* **About this task**:
Since the pictures are not wanted, retype the listing below exactly and without them.
━━ Supplied material
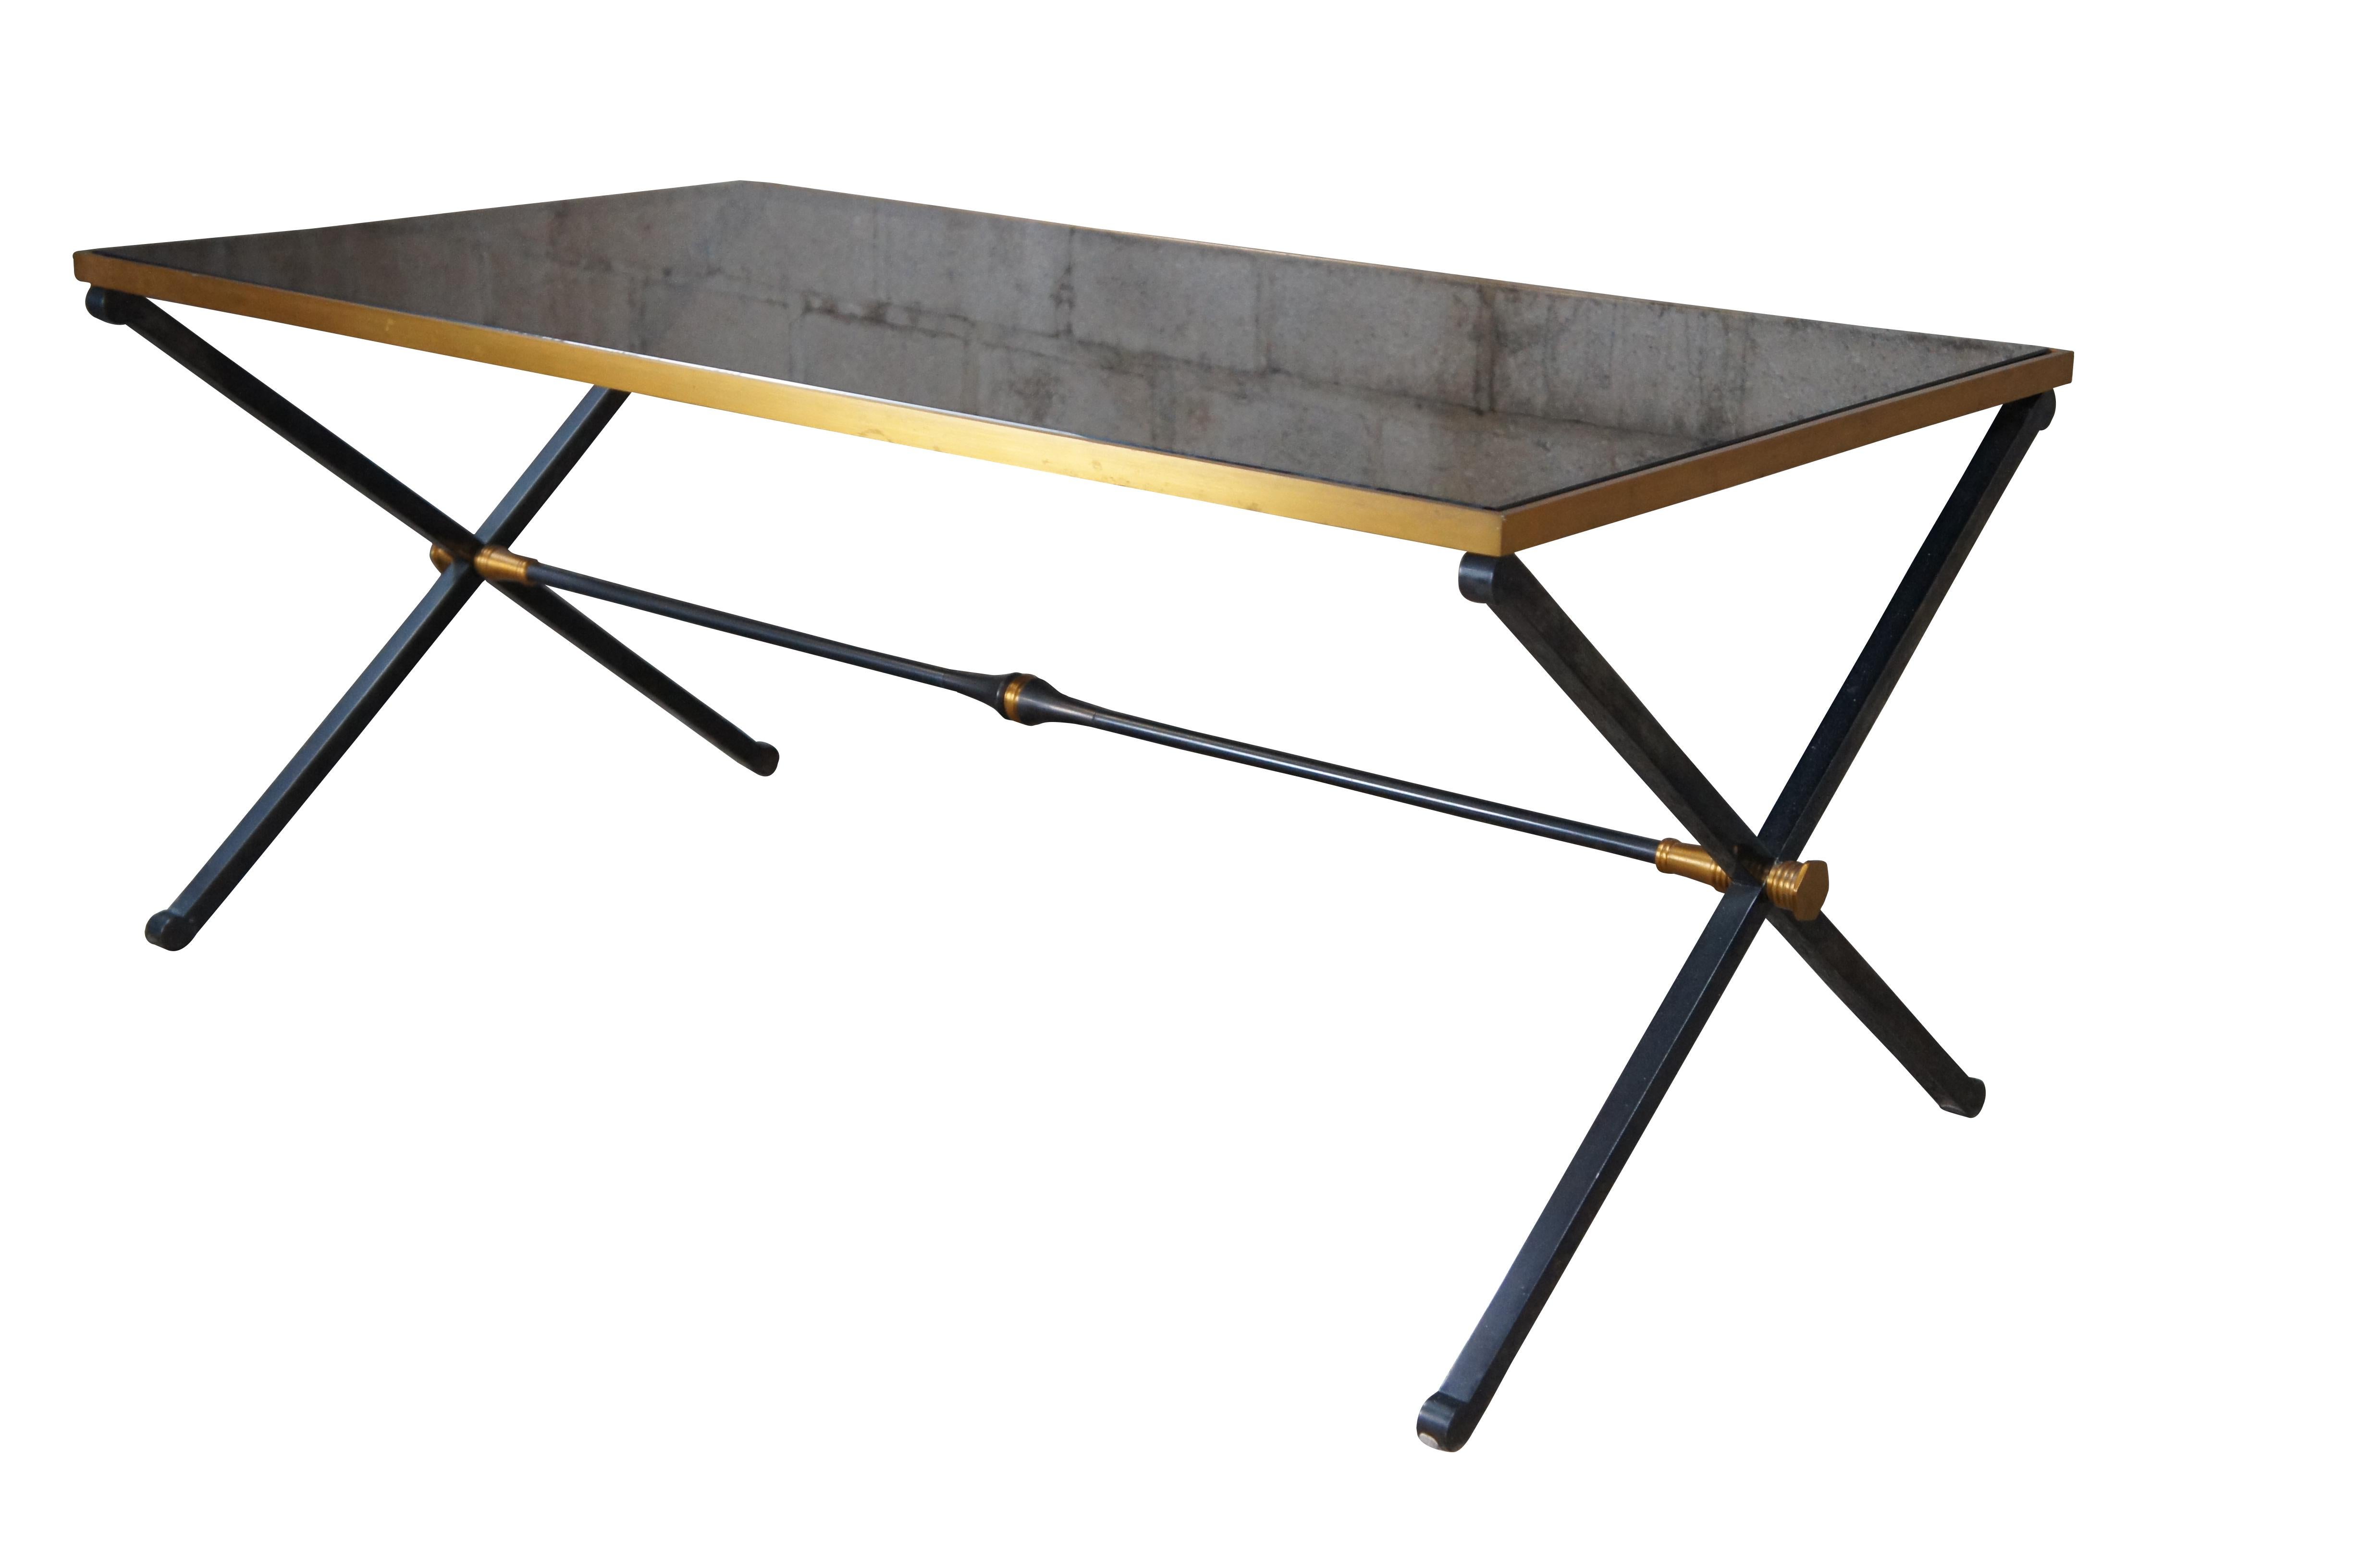 Maison Jansen style Neoclassical modern cocktail table. Made from steel with a black and gold X form base with smoked glass polished edge top. The X frame is connected by cylindrical trestle flared like a trumpet at the center.

Dimensions:
22
━━━━
* **Solved problem**:
 Maison Jansen style Neoclassical modern cocktail table. Made from steel with a black and gold X form base with smoked glass polished edge top. The X frame is connected by cylindrical trestle flared like a trumpet at the center.

Dimensions:
22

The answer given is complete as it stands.